If the --split option is on, the each replicate will be saved to its own file,
based on the filename in the output option.

NOTES

The meaning of the "Params" vector is different for each substitution model.

  GTR: Substitution rates A-C, A-G, A-T, C-G, C-T, G-T
  JC: Ignored
  K2P: Transition rate, Transversion rate
  K3P: Alpha (Transitions), Beta (A-T & G-C), Gamma (A-C & G-T)
  HKY: Transition rate, Transversion rate
  F81: Ignored
  F84: Kappa
  TN: Alpha1 (A-G), Alpha2 (C-T), Beta (Transversions)

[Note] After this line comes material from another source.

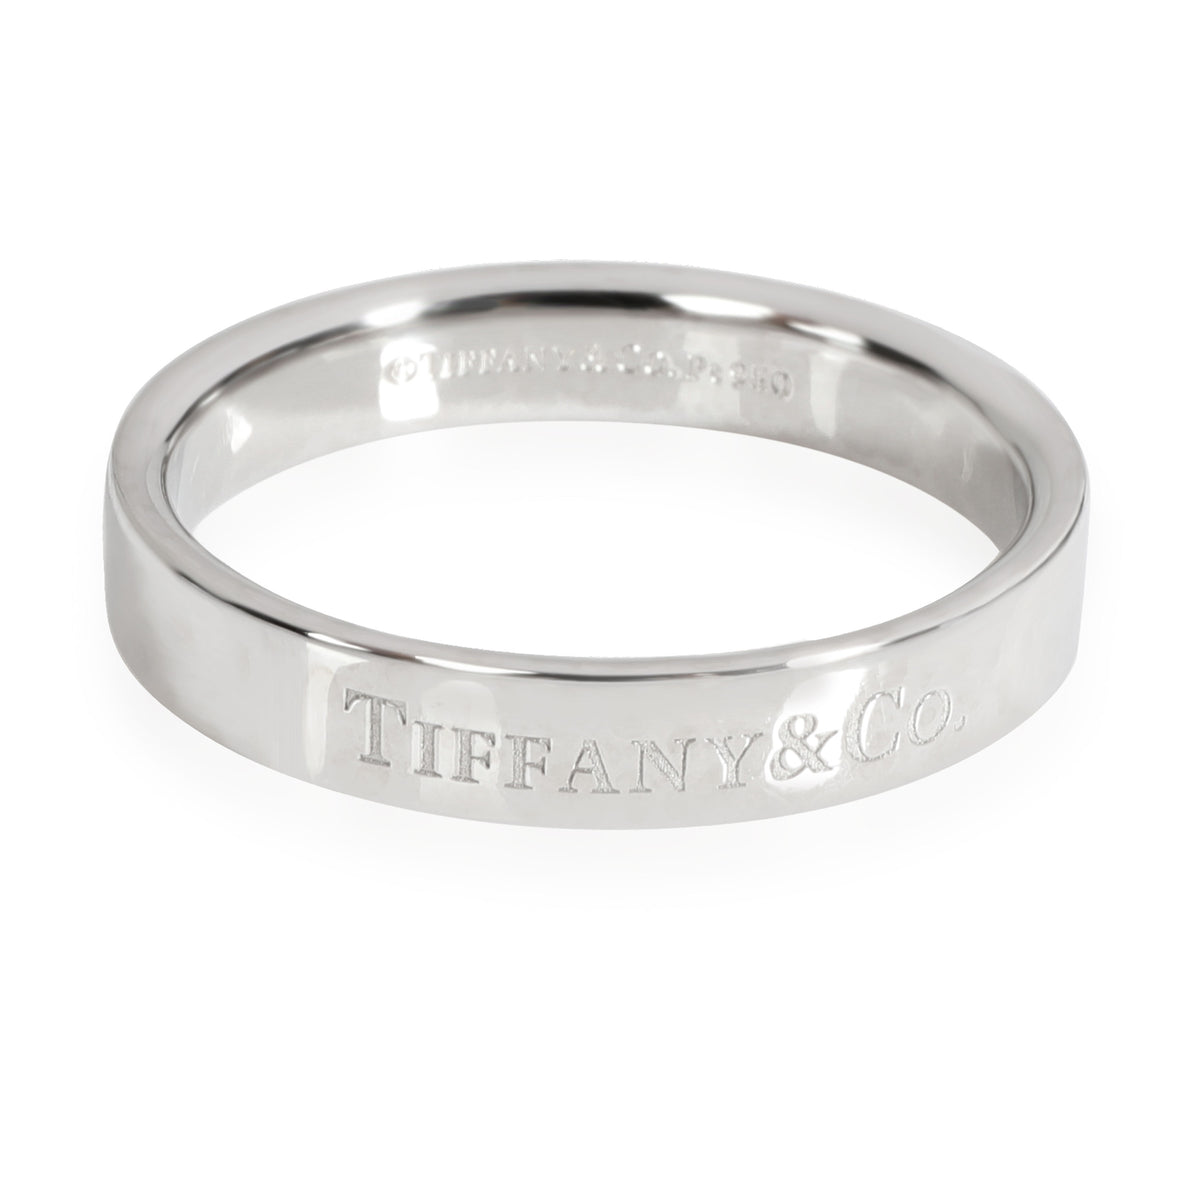 Tiffany & Co. Wedding Band in Platinum

Parameter "Freqs" is ignored by the models "JC", "K2P", and "K3P".

If "Lambda" is a single value, then it specifies the rate of indel formation,
e.g. "Lambda = 0.1" is the same as "Lambda = {0.05, 0.05}".  The first parameter
is the insertion rate and the second parameter is the deletion rate.

The first parameter of "GapModel" specifies the distribution model of insertion
sizes.  The second parameter specifies the distribution model of deletion sizes.
If only one parameter is given it is the model for both insertions and
deletions.

The first parameter of "GapParams" is a vector specifying the parameters for the
gap model of insertions.  Likewise the second parameter is a vector specifying
the parameters for the gap model of deletions.  If "GapParams" is not a vector
of vectors, then it specifies the vector of parameters for both insertions and
deletions.

The meaning of the GapParams vector is different for each gap model.  US: The
distribution of gap sizes.  NB: The number of failures (r), the probability of
success (q).  PL: The rate parameter (a), the maximum gap size.

To create a recombinant tree, you may need to specifically describe and label
the inner nodes at which the recombination events occur.

Gamma takes precedence over Alpha.

Sequence takes precedence over Length.

If Out.Block.* is the name of a file, the code is read from that file.

The following vector parameters have a size of "Width": "Scale", "Alpha",
"Gamma", and "Iota".  If their size is less than width then the first value in
the vector will be used to fill in the rest of the values, e.g. "Scale = 1.0" is
the same as "Scale = {1.0,1.0,1.0}" when "Width = 3".